Wrocław European Capital of Culture 2016, with its ‘Spaces for Beauty’ slogan, serves to show that cumulating financial resources and human effort to produce a large number of projects and initiatives in the field of heritage provides an opportunity to improve the quality of life for residents. This paper discusses two aspects of quality of life: access to and participation in culture as well as relations with urban space and built heritage. Both impact numerous areas of our lives, such as individual satisfaction, self-development, identity building, sense of belonging, sense of security, aesthetic pleasure, entertainment, learning, socialization of individuals and building social capital. This paper aims to bridge the gap between research on mega-events and the discussion on heritage, offering insights into the potential use of heritage as a development mechanism.

Disclosure statement

No potential conflict of interest was reported by the author(s).

Notes

1 With no special category for heritage projects in ECoC 2016, it is even difficult to assess the part of ECoC’s budget spent on heritage. Among the influences ECoC 2016 had on heritage one could list: an increase in the amounts spent on cultural infrastructure, renovation and revitalization, and a change in residents’ attitude towards heritage.

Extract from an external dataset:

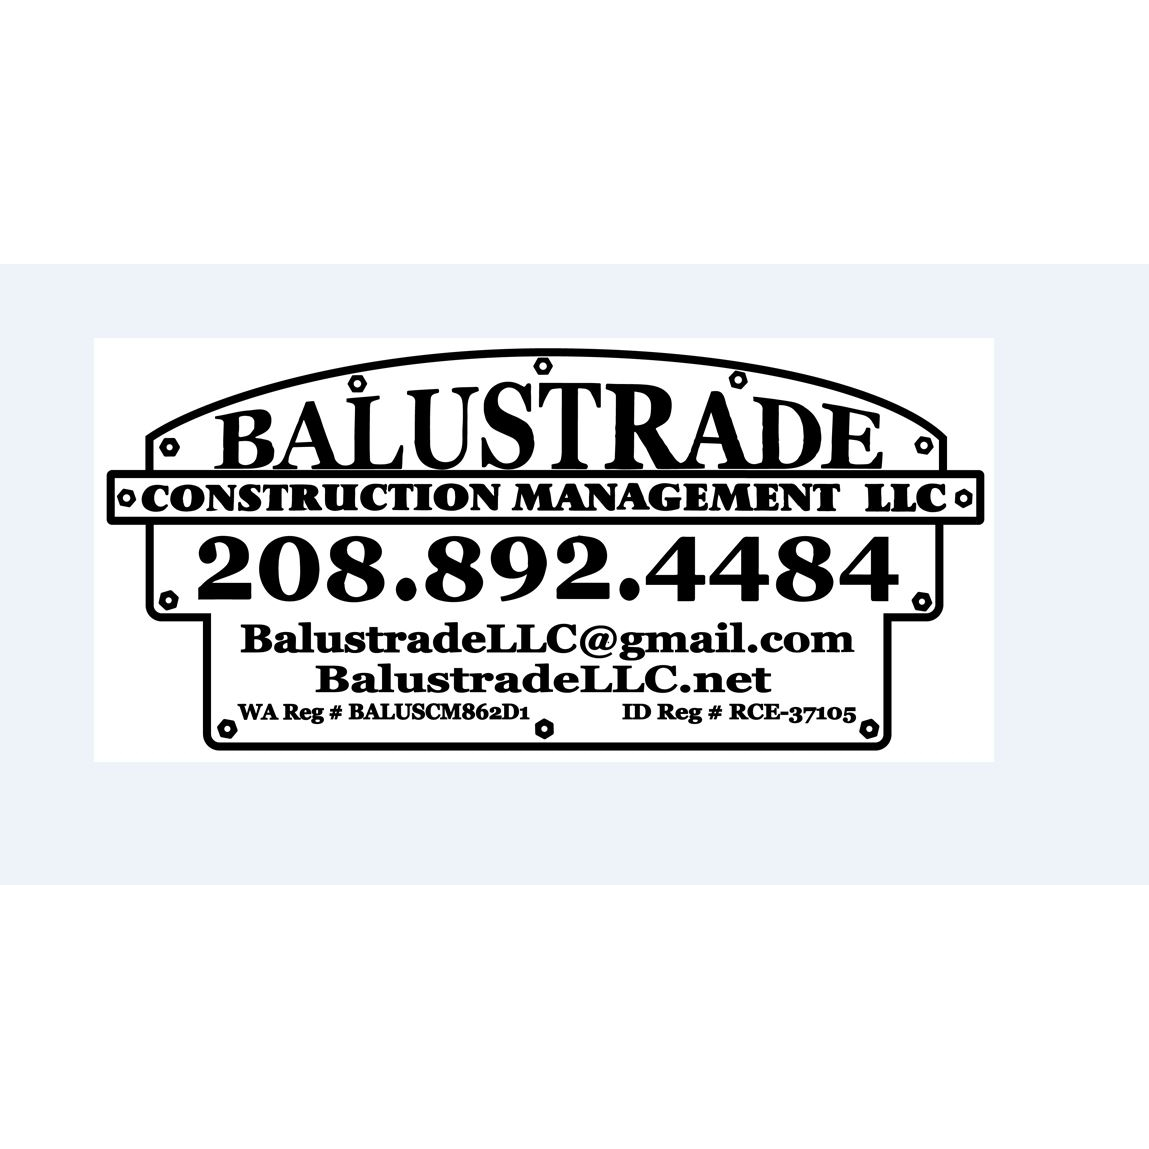 Balustrade Construction Management LLC
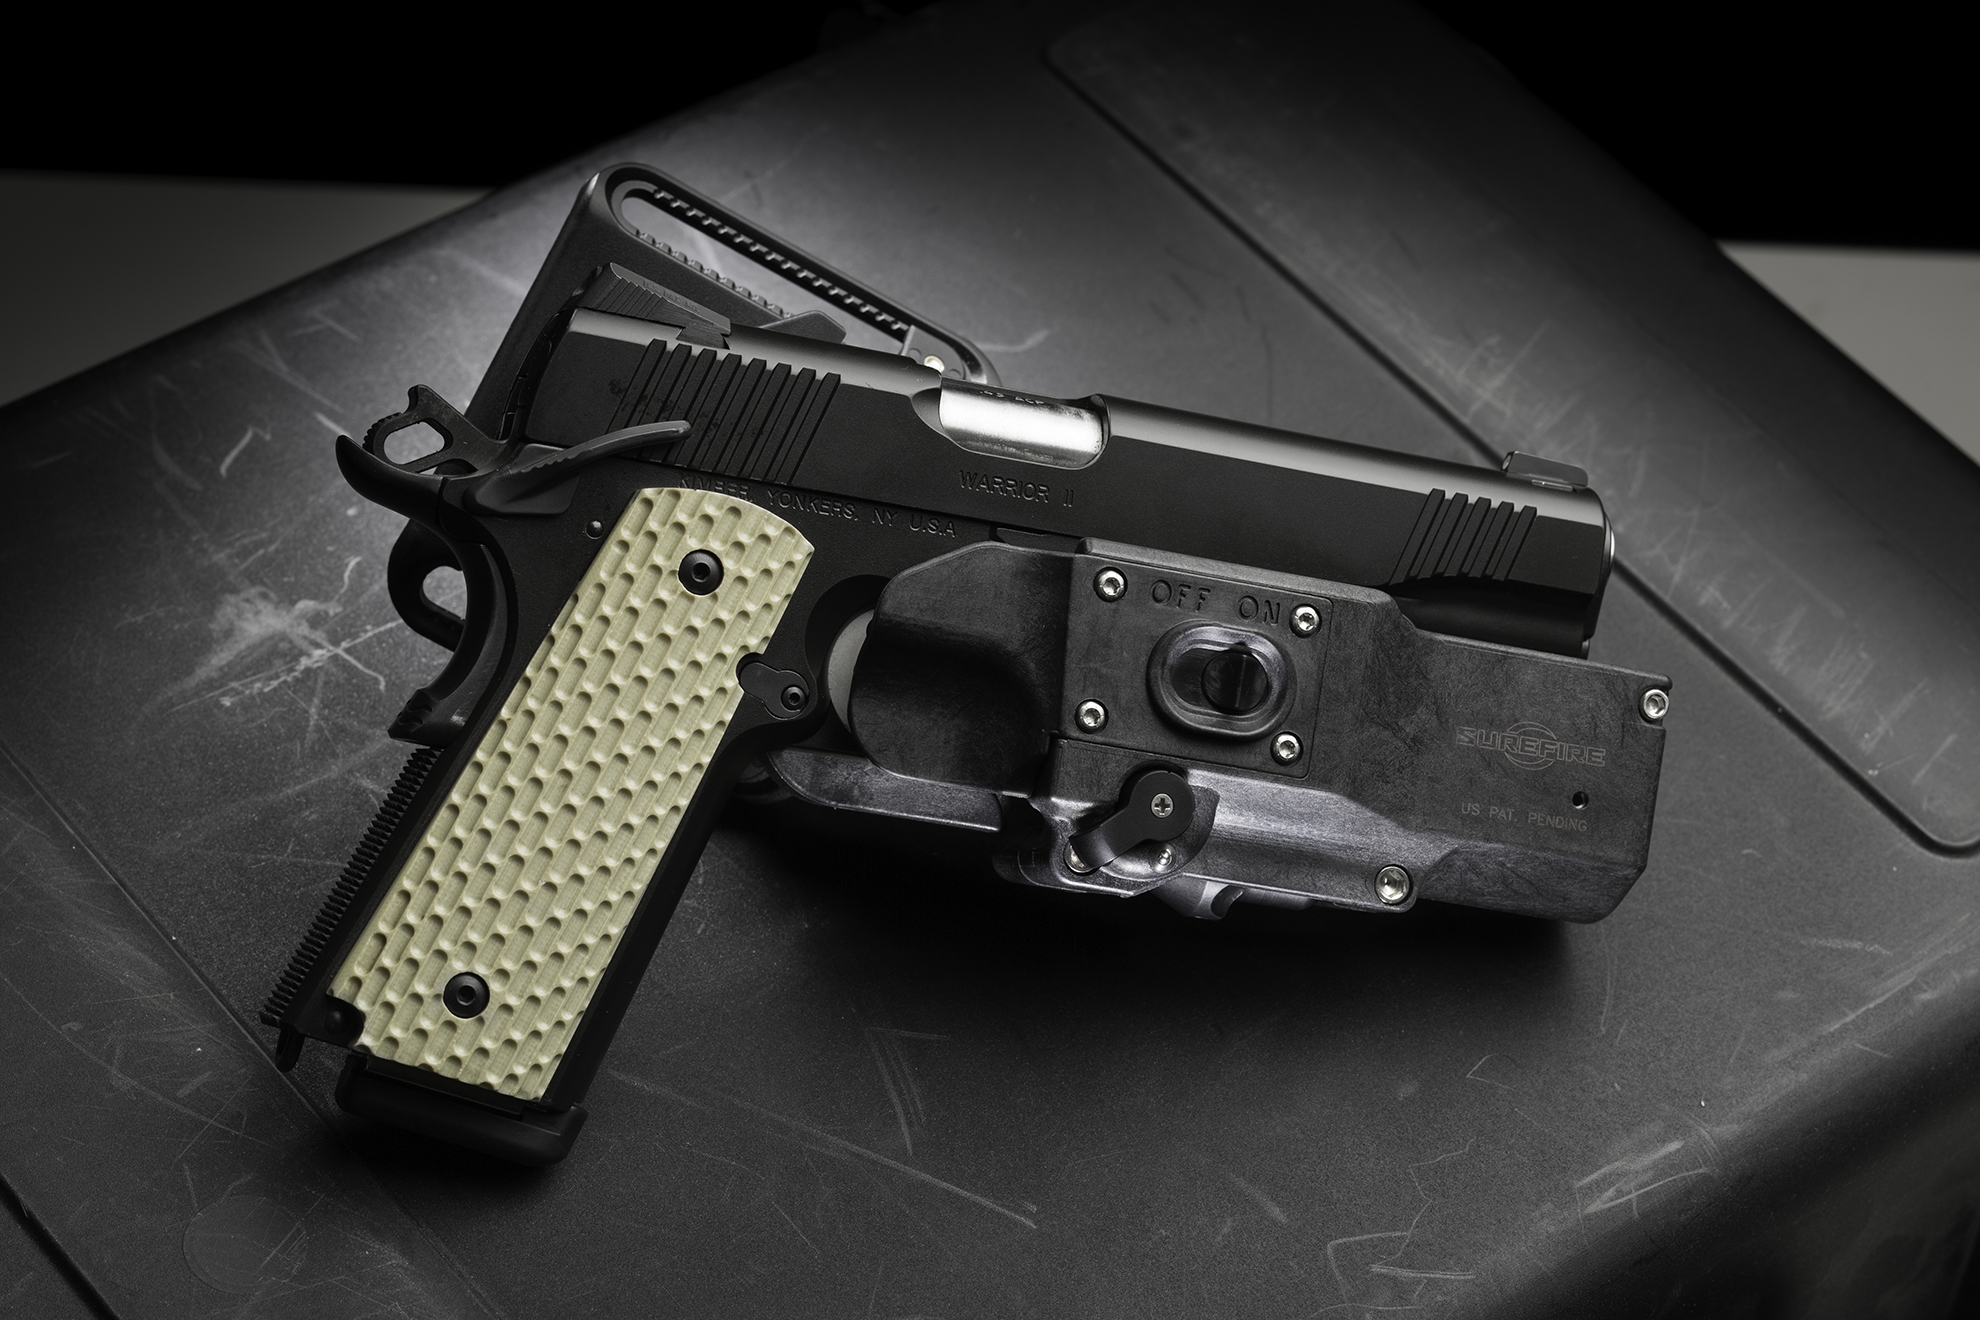 SureFire MasterFire Holster with Kimber 1911-style pistol

2 The main indicator that a given project addressed heritage was that it dealt with identity, memory, and history on the one hand, and with renovation or regeneration on the other.

3 The hypothesis is that the collocation most used with ‘heritage’ is ‘national’, which is complicated in the case of Wrocław. Moreover, the city, as claimed, is more forward-looking than dwelling on its past (FGI02; Chmielewski Citation2011, 6).

4 This number includes both residents and visitors. There is no exact data concerning the number of the former, but the research on cultural participation cited in the article refers to the residents of Wrocław and the region. To compare, Wrocław is a city of 642 869 inhabitants (as of 31.12.2019, Statistics Poland, https://bdl.stat.gov.pl/BDL/dane/podgrup/tablica)

5 In 1929, Wrocław hosted a Living and Work Space Exhibition (Wohnung und Werkraum Ausstellung, WuWA) presenting model housing estates created by the Deutscher Werkbund. Buildings created for the exhibition were meant to be just prototypes for mass housing estates, but most of them survived WWII and have since been inhabited.

Additional information

Funding

Sections of this paper are based on and supported by the research conducted within the JPI Cultural Heritage research project ‘HOMEE – Heritage Opportunities/Threats within Mega-Events in Europe’, with a grant issued by the Minister of Culture and National Heritage of the Republic of Poland.